# Tips on learning to write out Music



## Captainnumber36 (Jan 19, 2017)

Software, courses, and etc. What advice do you have to provide to help someone write out their compositions?

:tiphat:


----------



## MarkW (Feb 16, 2015)

Read the paperback edition of the Harvard Dictionary of Music. That will tell you most of what you need to know.

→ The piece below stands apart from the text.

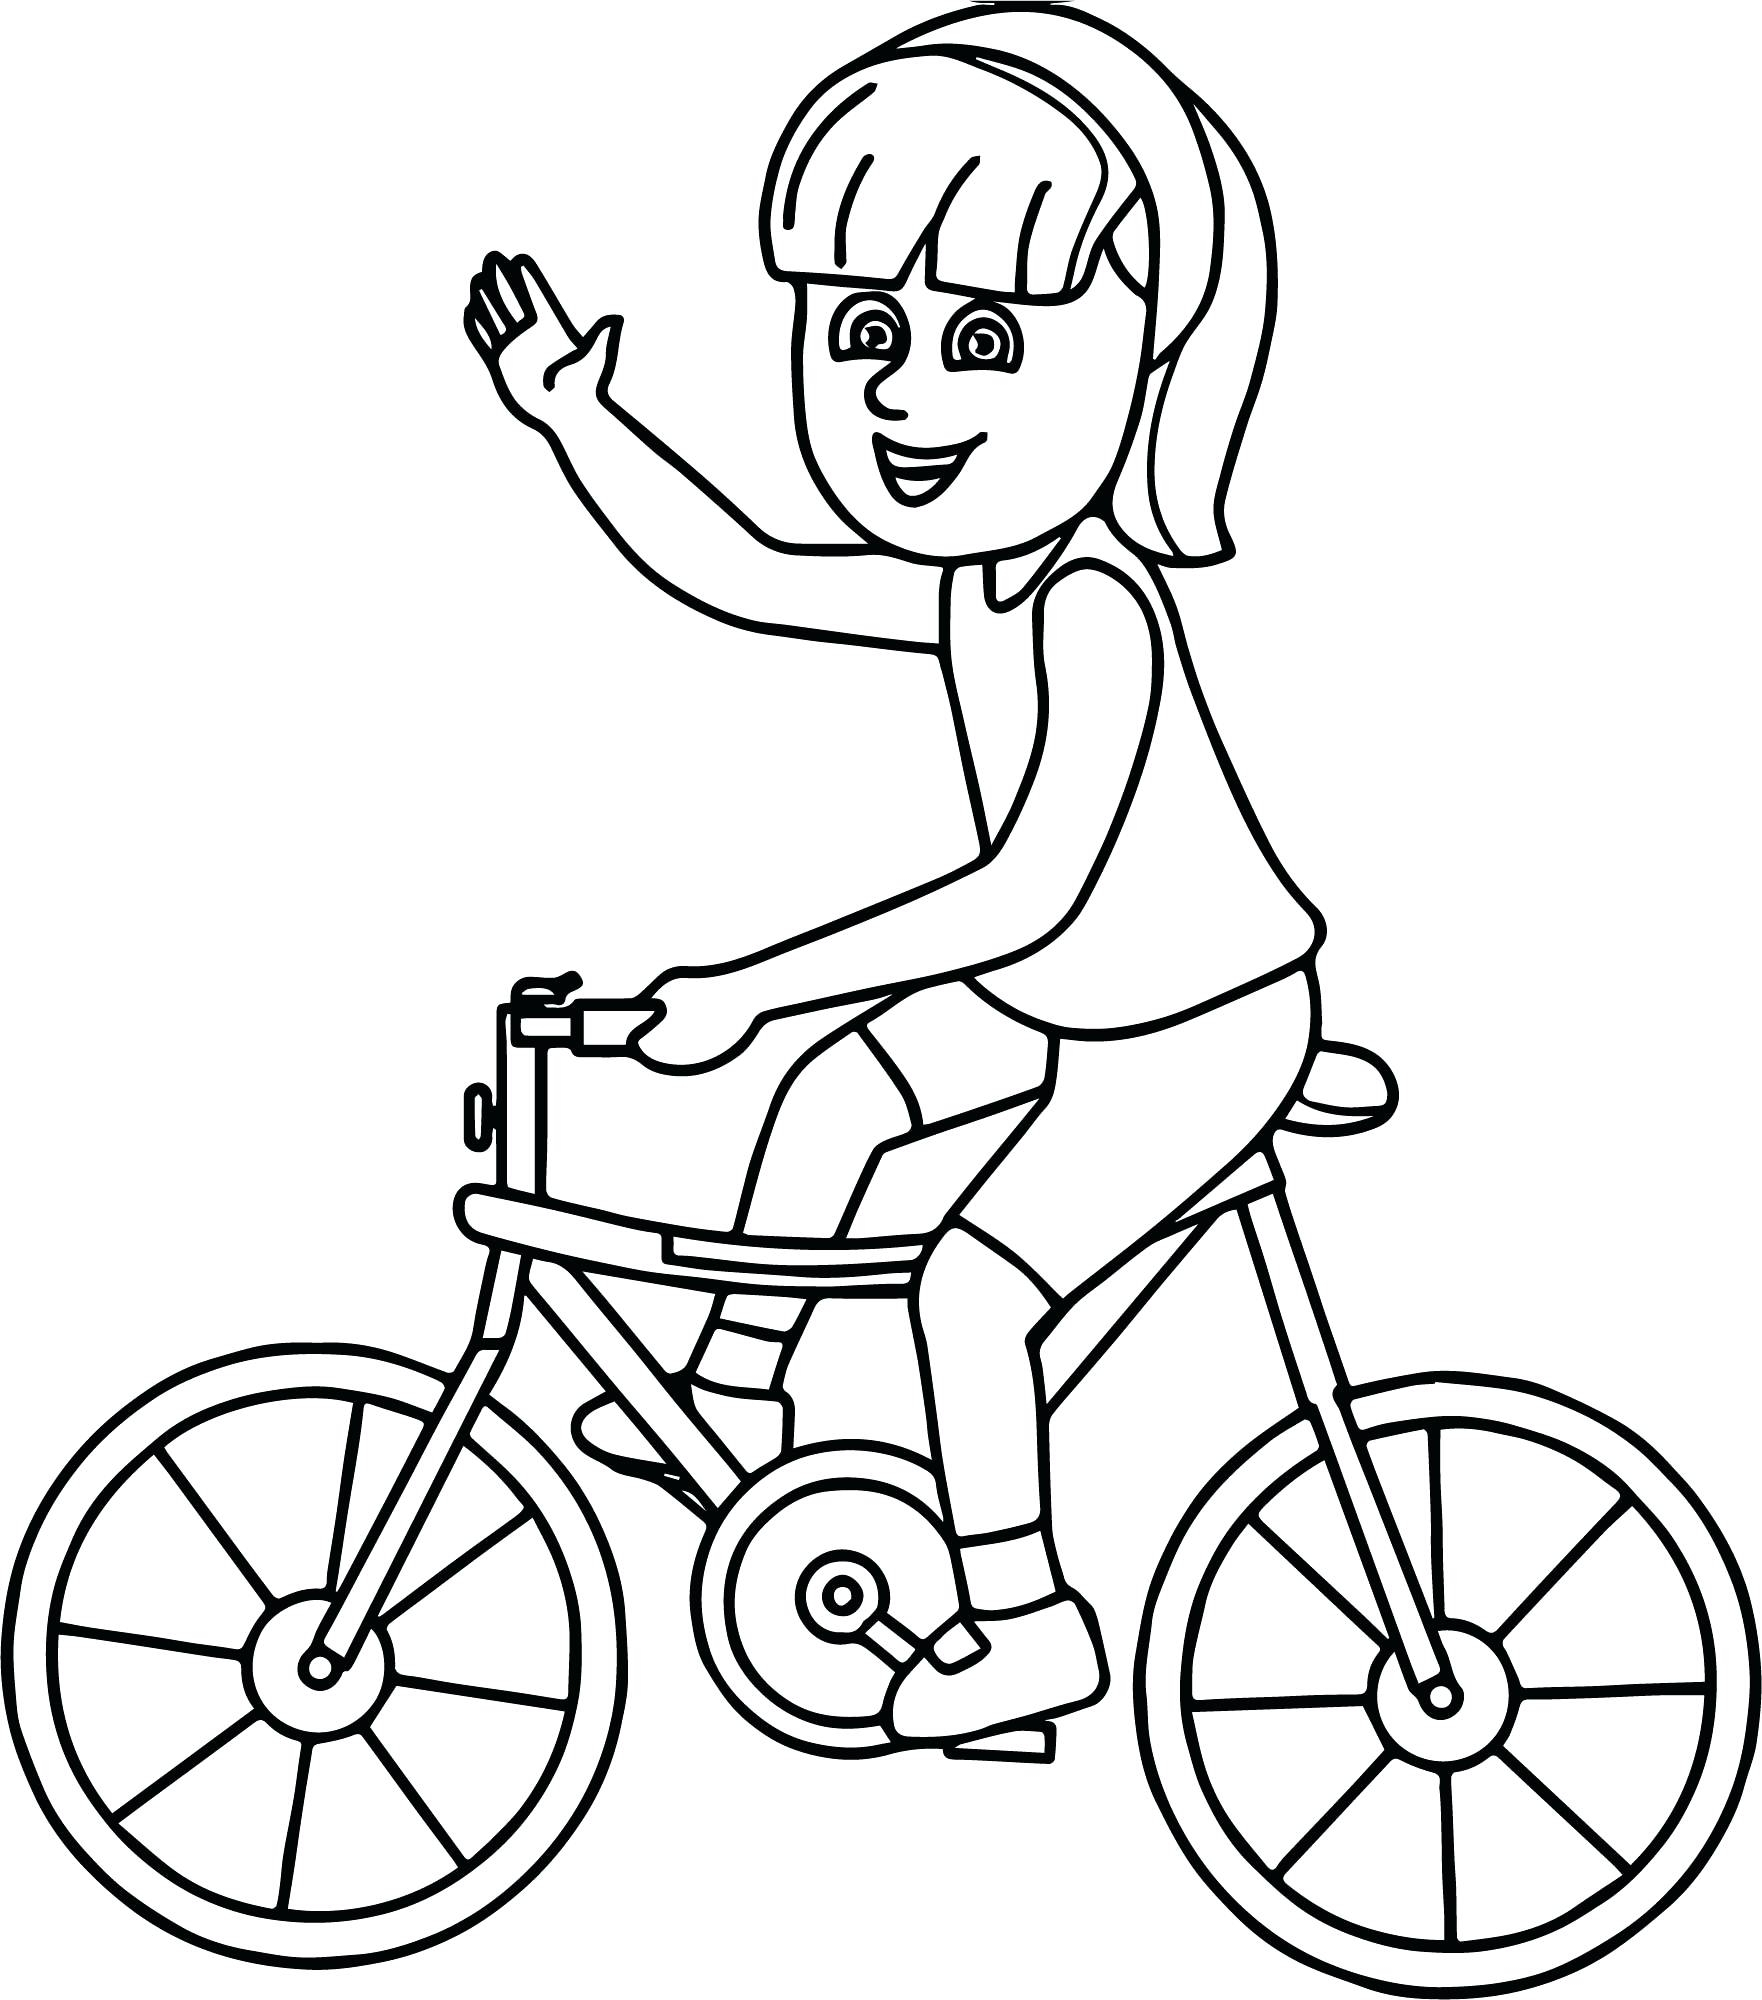 Bike Helmet Coloring Page Bicycle Coloring Page Aspiration Pages Vehicles Pictures Picture

Addndum: I realize the above sounds a little snarky, but I actually did that at about 15. I'd liked CM for a few years, but realized how little I knew the vocabulary and terminology ("What the hell does tessitura mean?" "What are grace notes?") So I spent thirty-five cents (this was a long time ago) and resd the darn thing!


----------



## EdwardBast (Nov 25, 2013)

Captainnumber36 said:


> Software, courses, and etc. What advice do you have to provide to help someone write out their compositions?
> 
> :tiphat:


Learning to read fluently is the first step. Get a book on musical notation. Learn about the instruments, since specific techniques for a number of them require special conventions of terminology and notation. Get books on orchestration for the layout of orchestral scores. Study scores to get the finer points. I use the G. Schirmer style sheet for consistency in the work I do as a professional copyist. Eventually, get good music notation software like Finale or Sibelius.


----------